The meat supply chain gained the attention of the White House recently with the announcement of $1 billion to improve capacity for independent processors. But how did the supply chain get here? Lee Schulz, an associate professor and extension livestock economist from Iowa State University says the issue goes beyond the pandemic.
“I think this has been years coming, especially when we dial into the labor situation, that’s been a constraint that many businesses have to face and I think certainly that the meatpacking industry. And it just was exacerbated by that pandemic, that impacted the labor supply and I what really focused on, it was the operational capacity of these plants to operate, the physical capacity was there, that was going to remain regardless, but it was the ability to get that throughput through these plants, which constrained our meat supply.”
And there’s the price of beef at the butcher counter, and consumers are having to pay more.
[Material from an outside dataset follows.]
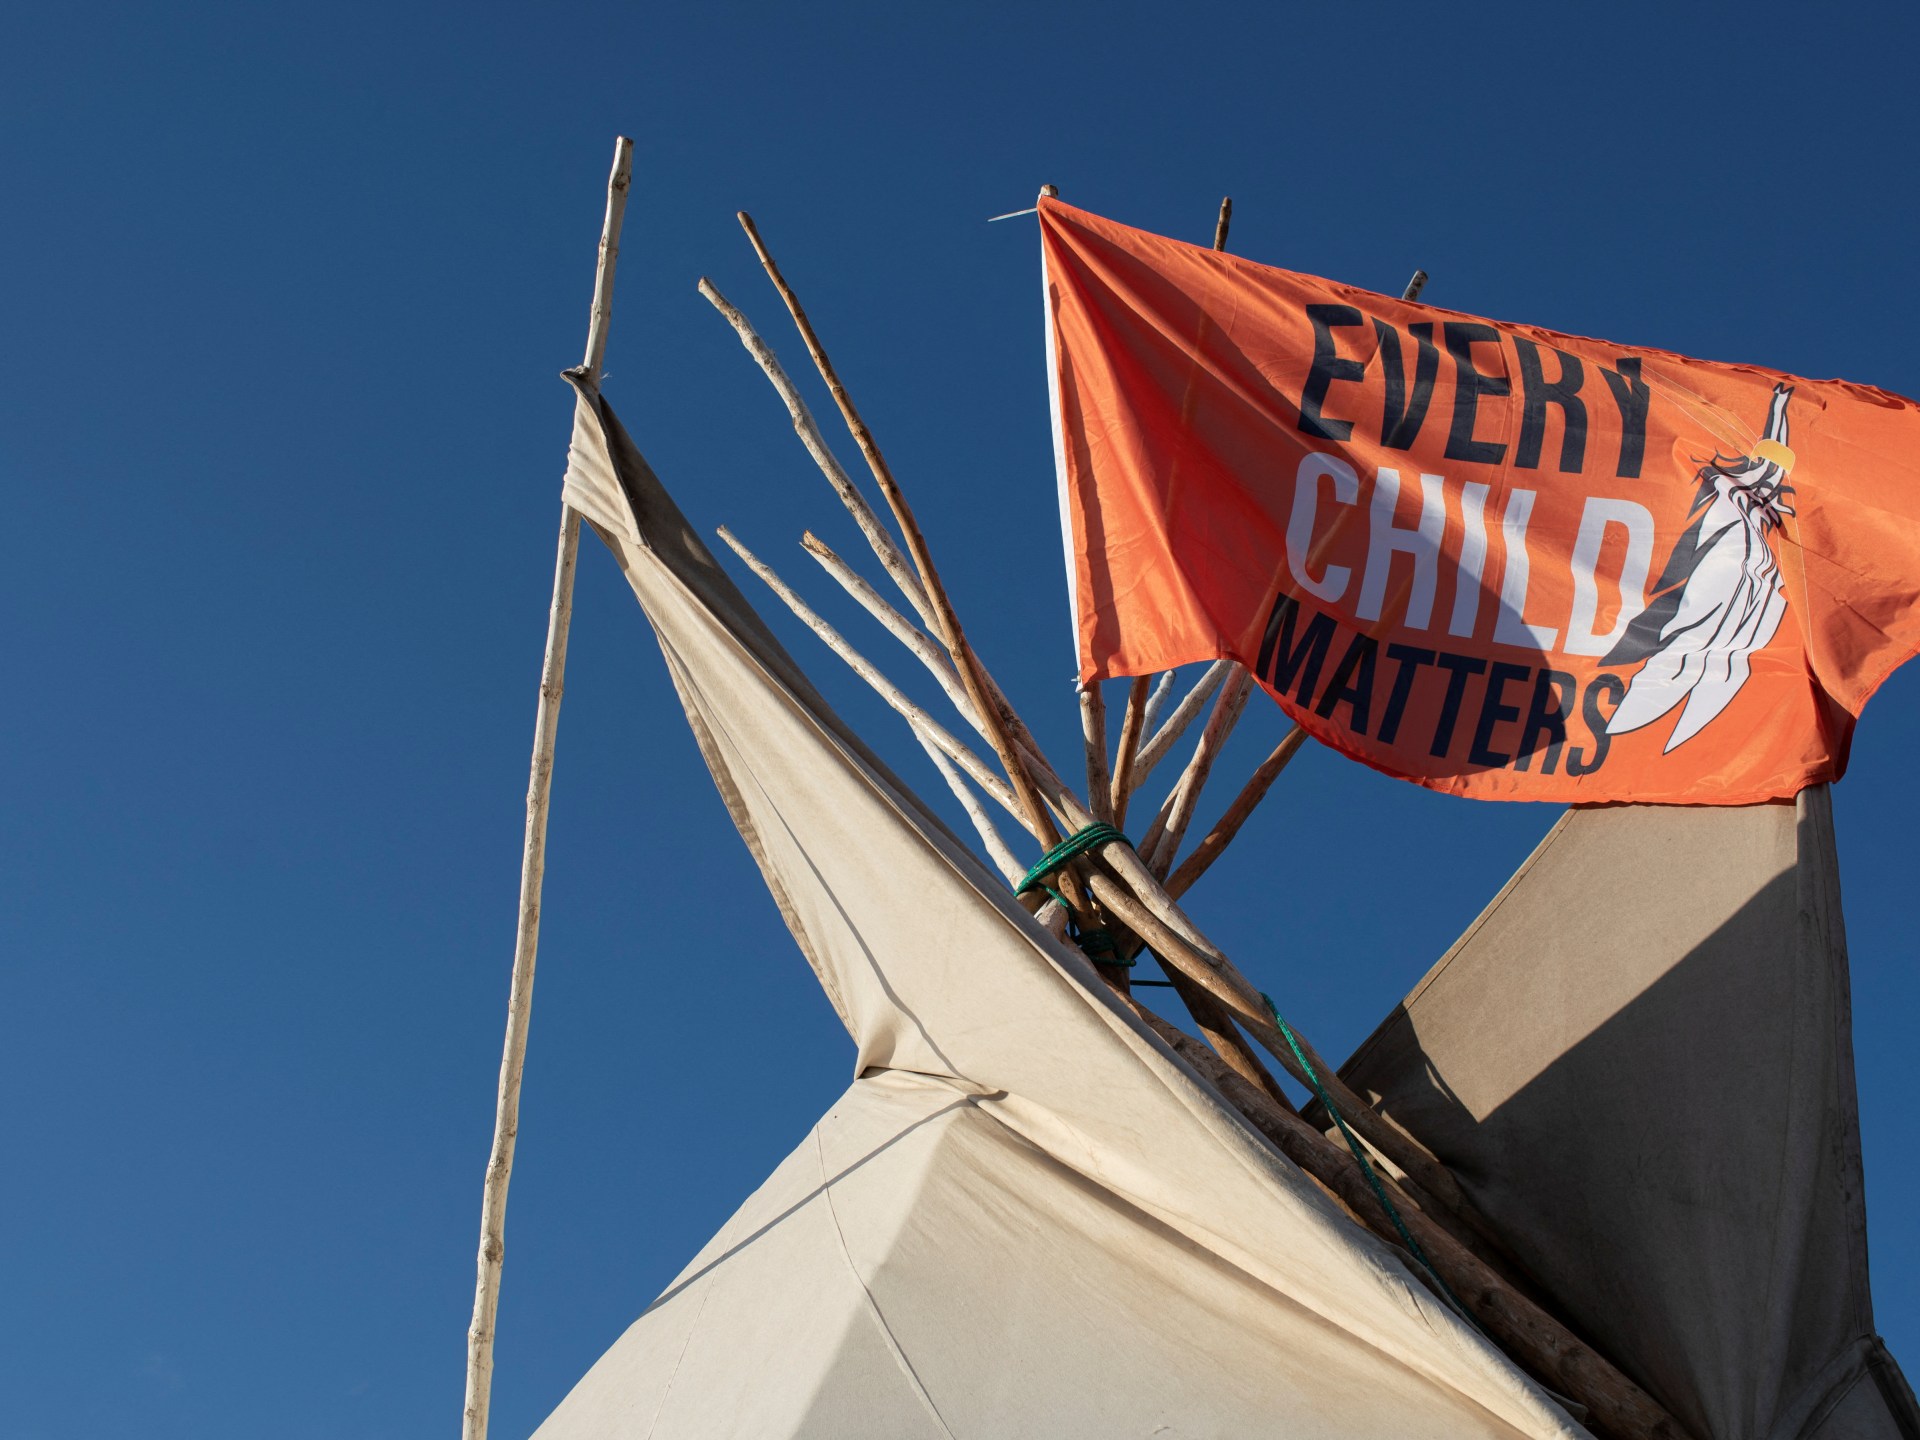 Indigenous child compensation deal falls short: Canadian tribunal | Indigenous Rights News

“We have to think of what’s driving this inflation in meat prices and I like to break it down into two factors that have really coalesced to drive this. And so, we have the demand, pull inflation where there’s just a lot of dollars chasing fewer pounds of beef and pork available. And so, the economy has been doing well, and that’s really allowing consumers to continue to buy meat. And then you have this cost push inflation where it costs more to do everything, right, and it costs more to produce beef and pork, about 30 percent higher in my calculation. So,. both of those coalescing is giving us much higher meat prices.”
Schulz expects the supply chain to “equal out” soon.
“That capacity is relatively fixed. And in a situation where you have lower capacity and larger supplies of meat, you get price divergence there where you get prices higher, retail price higher because we’re producing less meat and you get live animal prices lower because there’s more available. But what I encourage us to think about this is the cycles in those industries. So, the beef, the beef inventory cycle, were declining inventory, how numbers are declining. we’re talking about adding processing capacity. So, we will get to more of an equilibrium level here, but yes, there’s been some painful pinch points along the way.”